This type of question, sounds more gear towards game design in general. For myself, I firmly believe that game design, is a beast in itself. With you being a newbie, I would tackle the topics that you are asking one by one, starting with the “why should you…” Based from your questions, it sounds to me that you do know what a texture is and how to make one. However, texturing has many stages, one of them, being the biggest one, is UV mapping and knowing how to use your texture space well, while also keeping the UV’s organized. The next stage is figuring out the easiest way of getting high quality textures but with minimal resolution without loosing quality. Meaning, you would not want to have a tiling texture, such as brick, to be something over 512x512, because you can layout your UV’s of your mesh in such a way so that the texture can properly repeat itself without causing seams. However, sometimes repeating you textures can cause nasty repetitiveness, even when your texture is seamless. In theory, there are many ways of getting around this. One of them is by using texture baking. Technically, there are 2 main reasons that I can think of why you would use texture baking. Firstly, to understand this better, you should understand what the limitations are of the game engine and electronic device you want your audience to play your game on. This includes thinking about texture formats/types, texture resolution, memory (or RAM), and polycount in visual play area. Over doing any of these can drop the FPS to a craw. For example, Blender’s game engine cannot handle PBR shaders. Therefore you would need to fake it by baking different texture maps, such as an ao map for cheap shadowing and specular maps for different sorts of metals. However, there other types of maps that you may want to bake out as well. Also, if I understand from what others are saying about PBR, the latest release of Blender does not have PBR shaders builtin, Therefore, users of Blender are making there own PBR shaders, using Cycles. However, it is not like Substance Designer and you will need to bake these shaders into there respective texture map.

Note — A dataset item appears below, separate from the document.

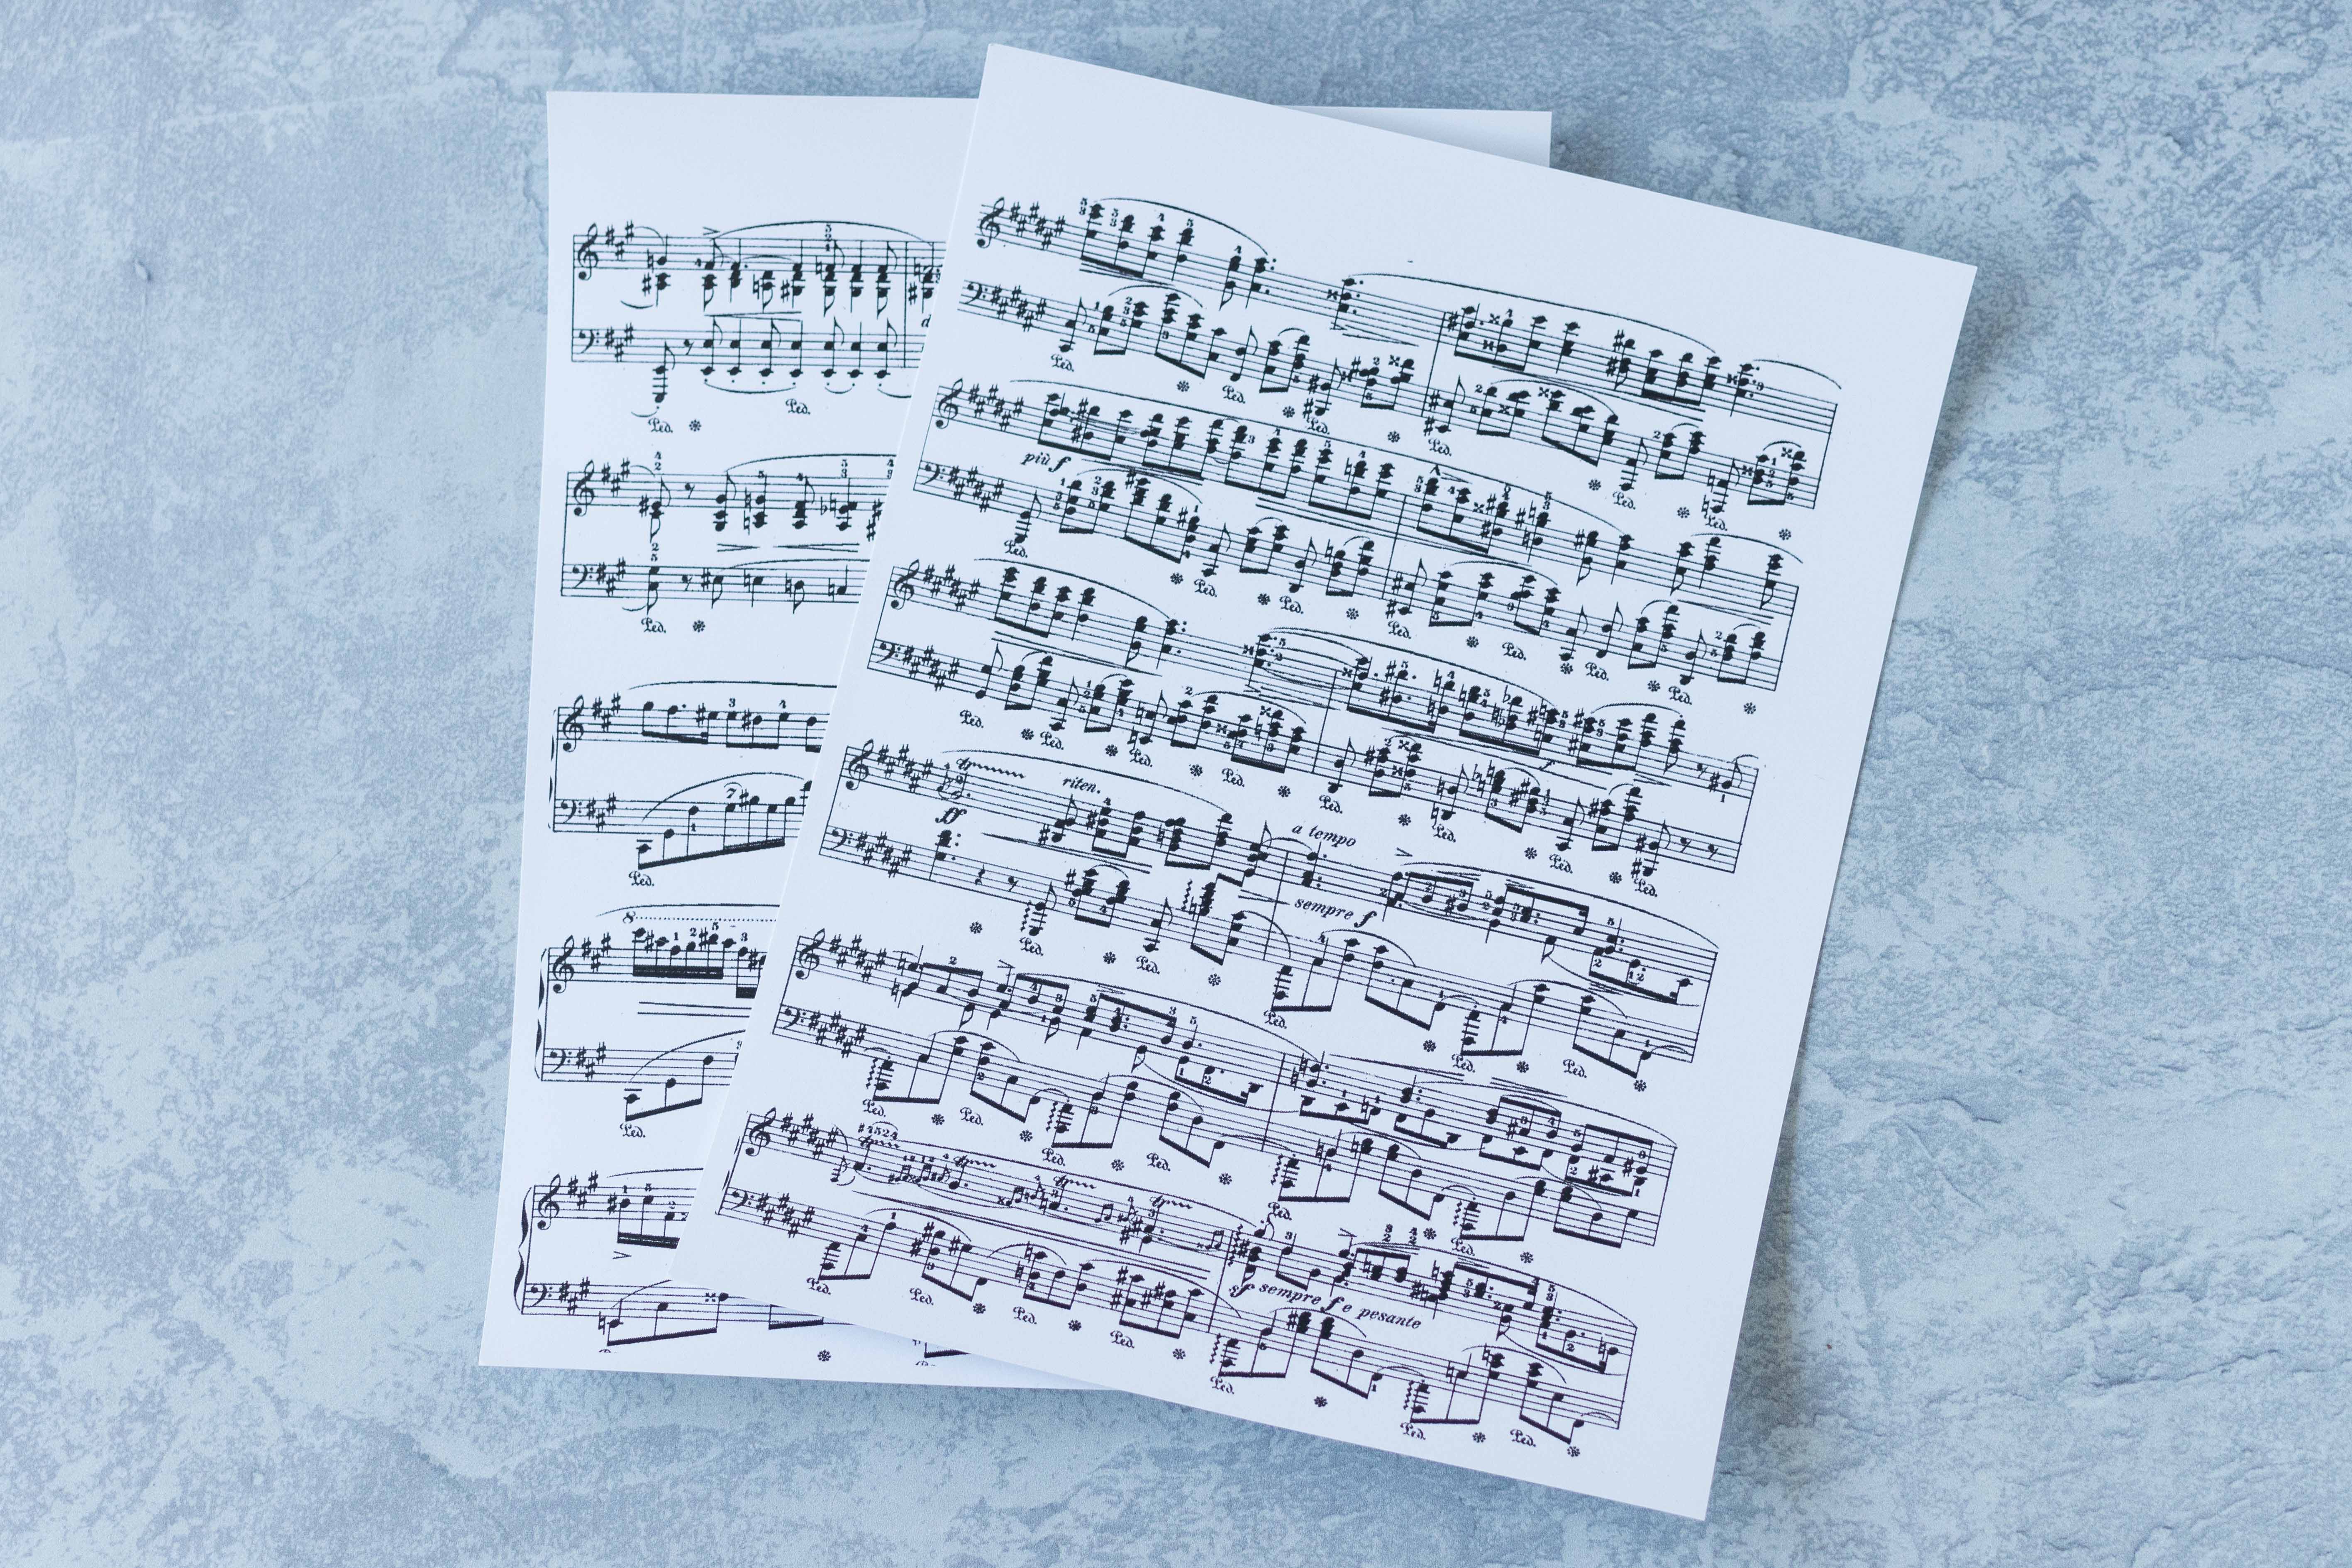 Sheet music printed on white card stock ready to be antiqued for DIY tile coasters. #DIY #tilecoasters #sheetmusiccraft | https://www.roseclearfield.com

Secondly, texture baking can also be used for high detailed models, such as for sculpting. This is because most game engines cannot handle highpoly counts needed to sculpt details into your mesh. In a nutshell, this type of baking would include your highpoly model on top of your lowpoly model and bake it out as a normal map.
Overall, as another suggestion, I rarely use Google, or other forms of search engines. This is because it is easier to find it as a video on Youtube, and besides, other search engines will push marketers websites who pay lo0ts of money to be first hit in line, which usually are membership video tutorials, such as DigitalTutors which is now called Pluralsight. Everytime I try searching on Google, it is either Linda.com or Pluralsight, offering only the intro of the couse and then offers the rest of the course for members only, which cost a rediculess amount for a yearly subscription. That does not make any sense when most tutorials I have found I can get it for free on Youtube.